#### PROVIDED ENTRIES

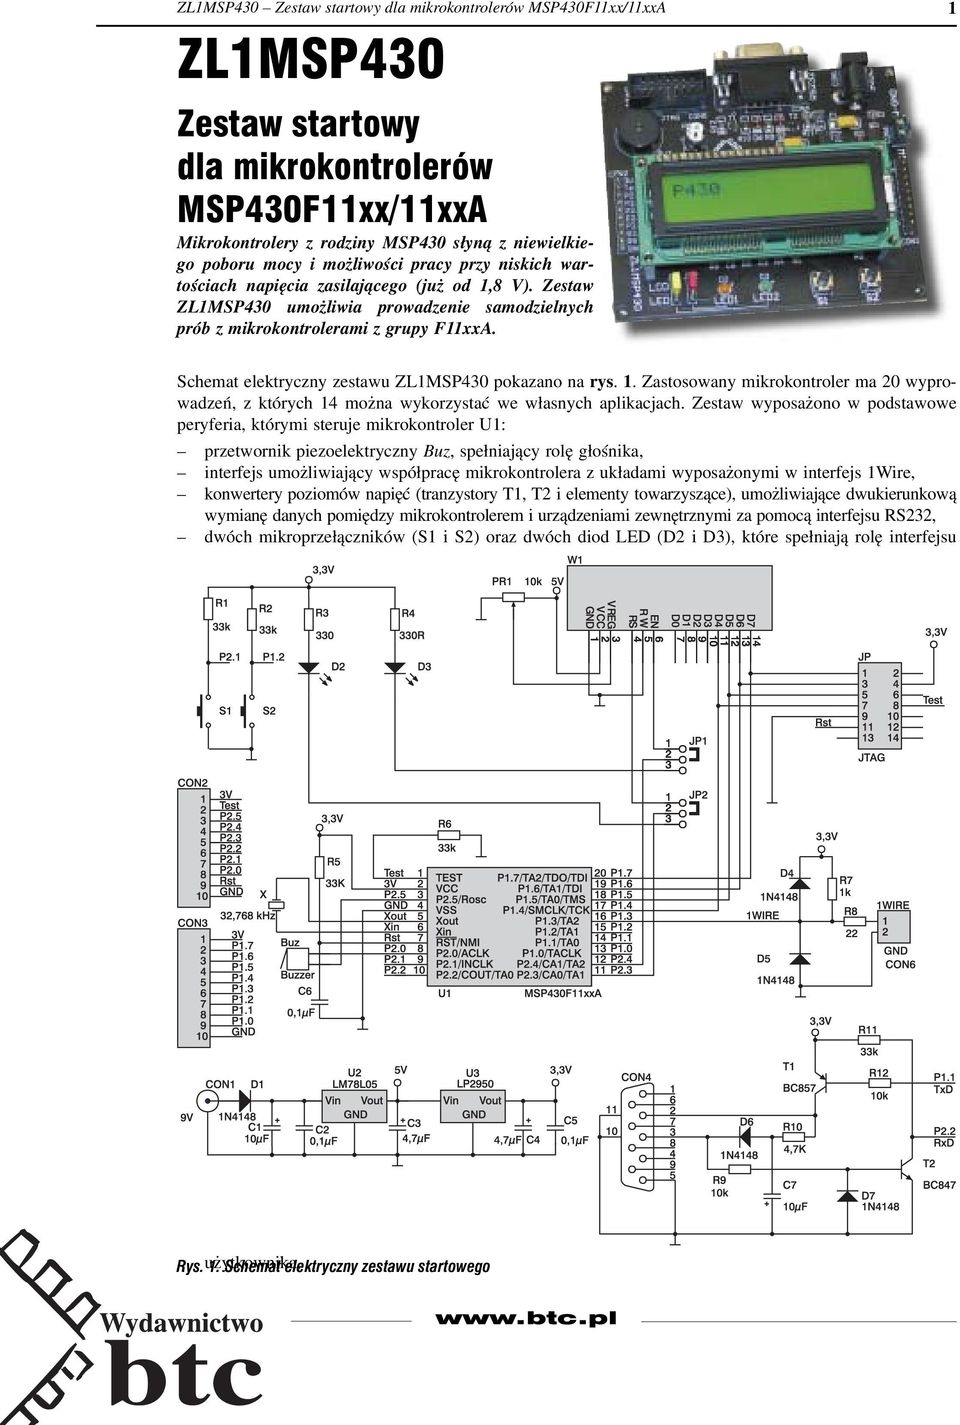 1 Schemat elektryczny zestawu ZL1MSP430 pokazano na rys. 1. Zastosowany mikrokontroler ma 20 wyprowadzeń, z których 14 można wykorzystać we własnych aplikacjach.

########
#### PROVIDED ENTRIES

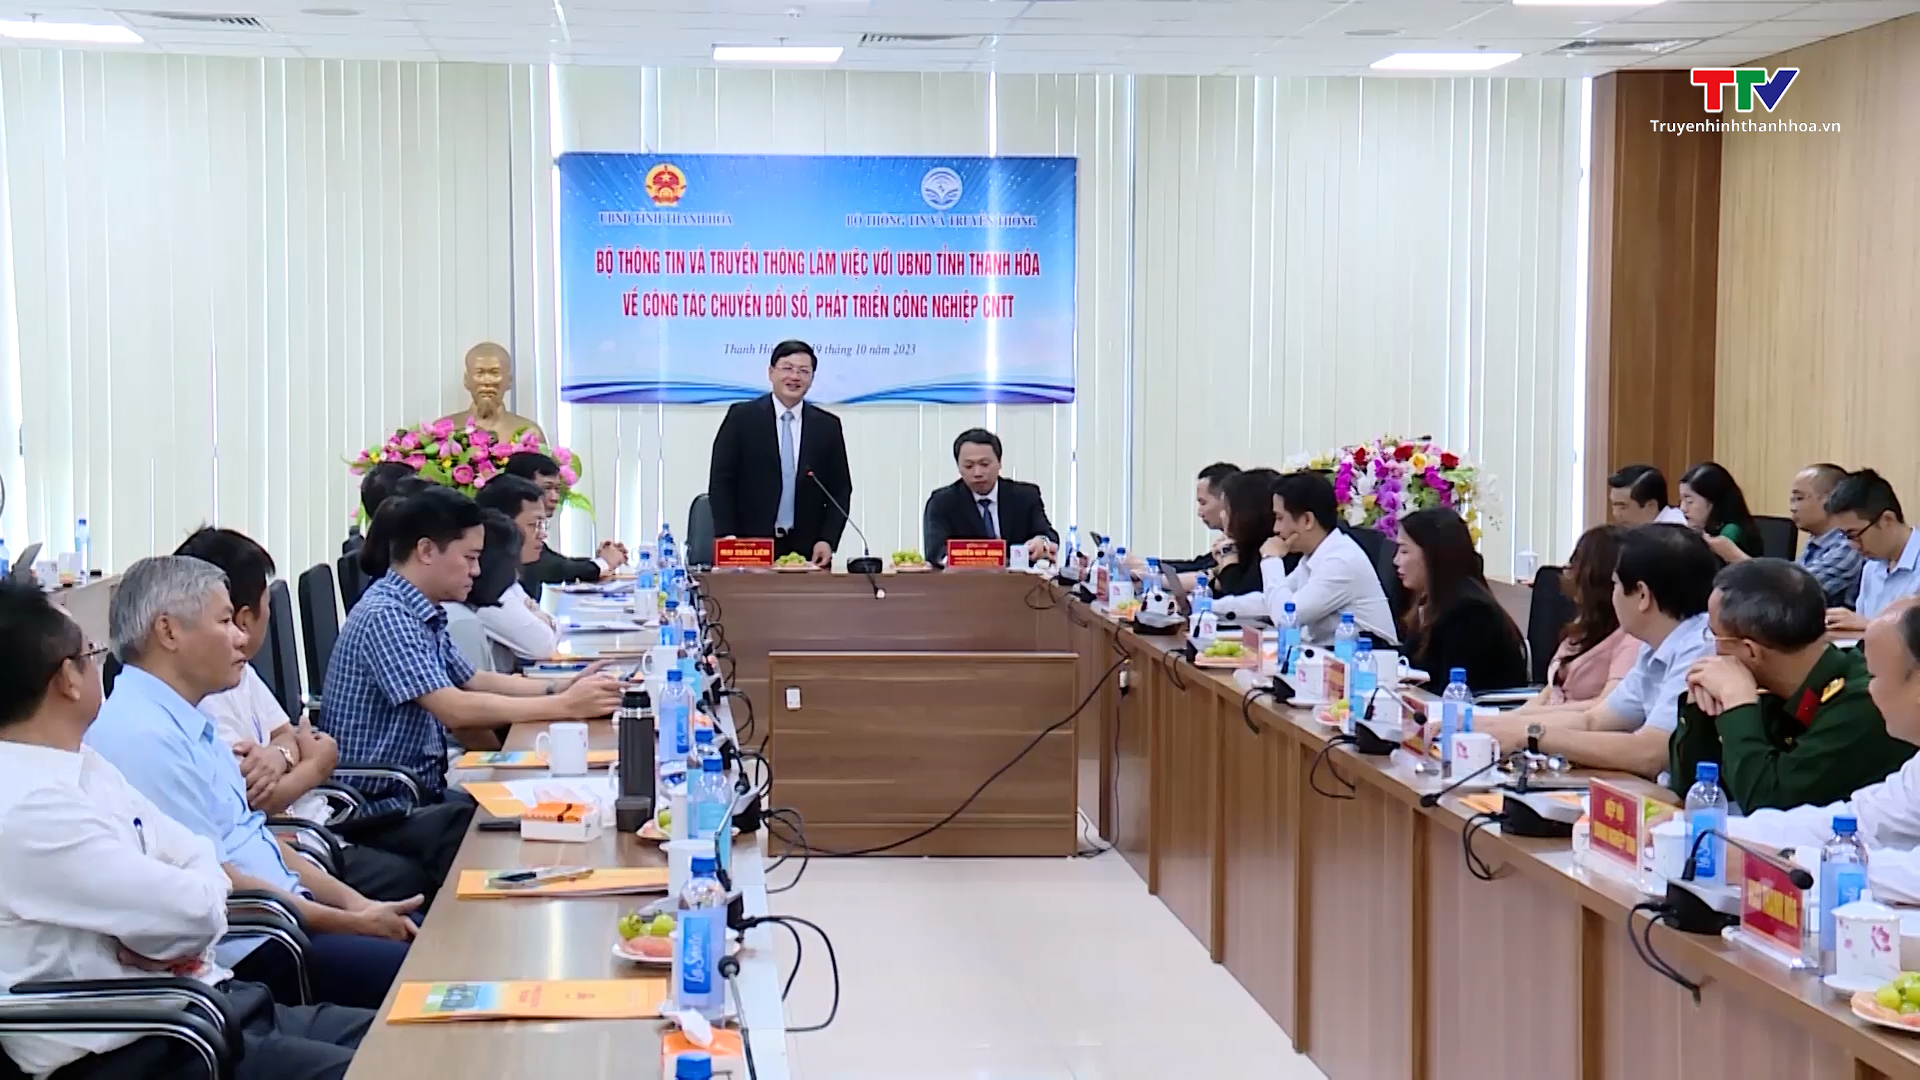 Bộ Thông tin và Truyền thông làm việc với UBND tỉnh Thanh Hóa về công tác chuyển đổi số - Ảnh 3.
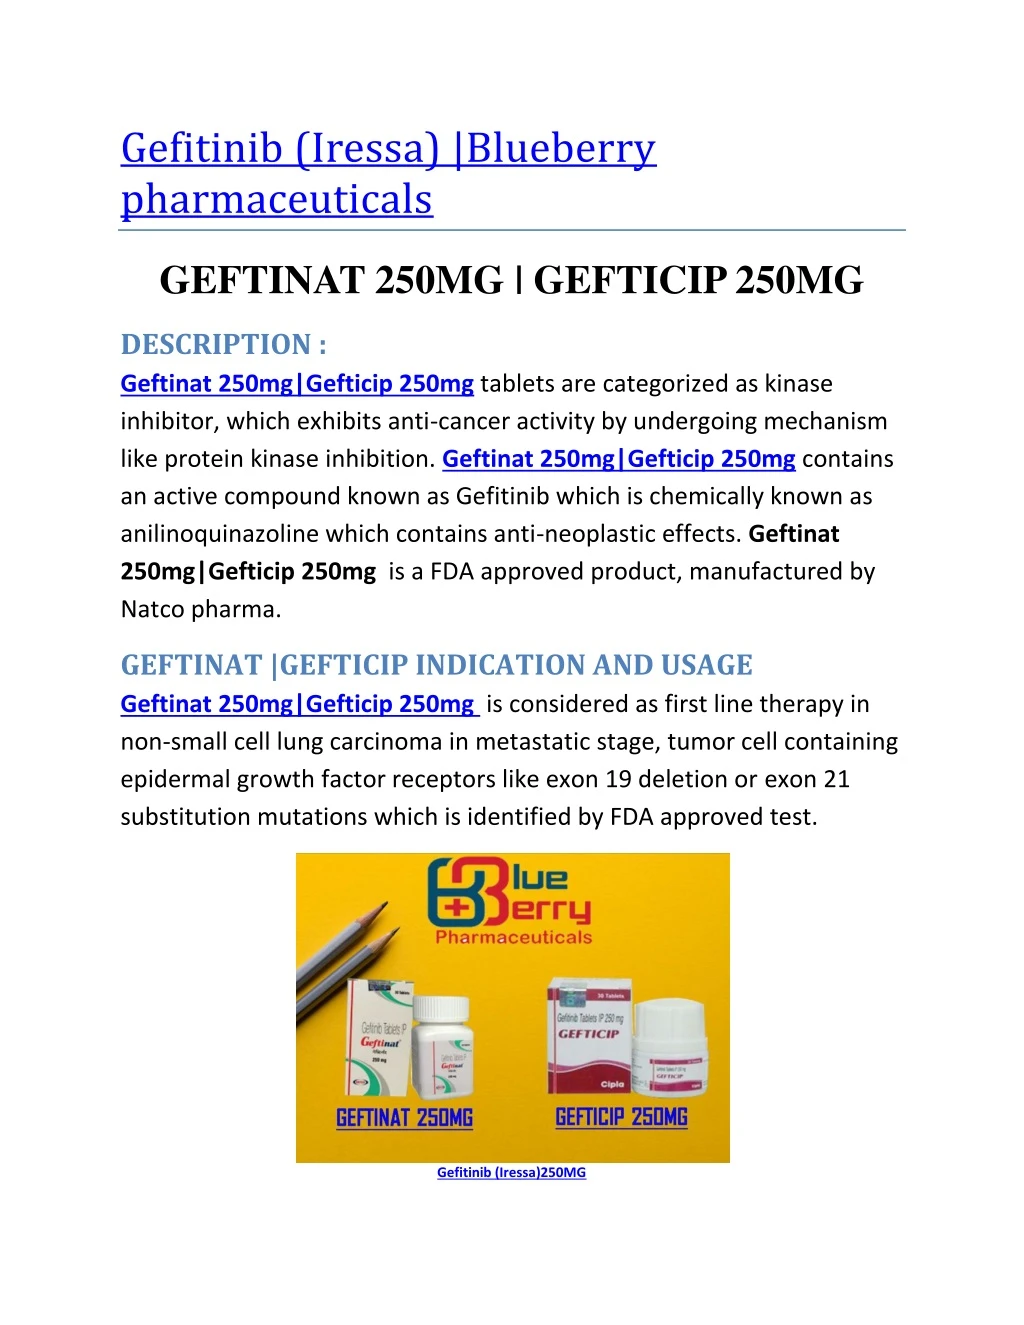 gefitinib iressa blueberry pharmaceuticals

########

◆ REQUIRED ACTION
An exact transcription is needed of the lines from the one with "Bộ Thông tin" to the one with "gefitinib iressa blueberry pharmaceuticals" above, both ends included, with pictures left out.

◆ ANSWER AREA
 Bộ Thông tin và Truyền thông làm việc với UBND tỉnh Thanh Hóa về công tác chuyển đổi số - Ảnh 3.
 gefitinib iressa blueberry pharmaceuticals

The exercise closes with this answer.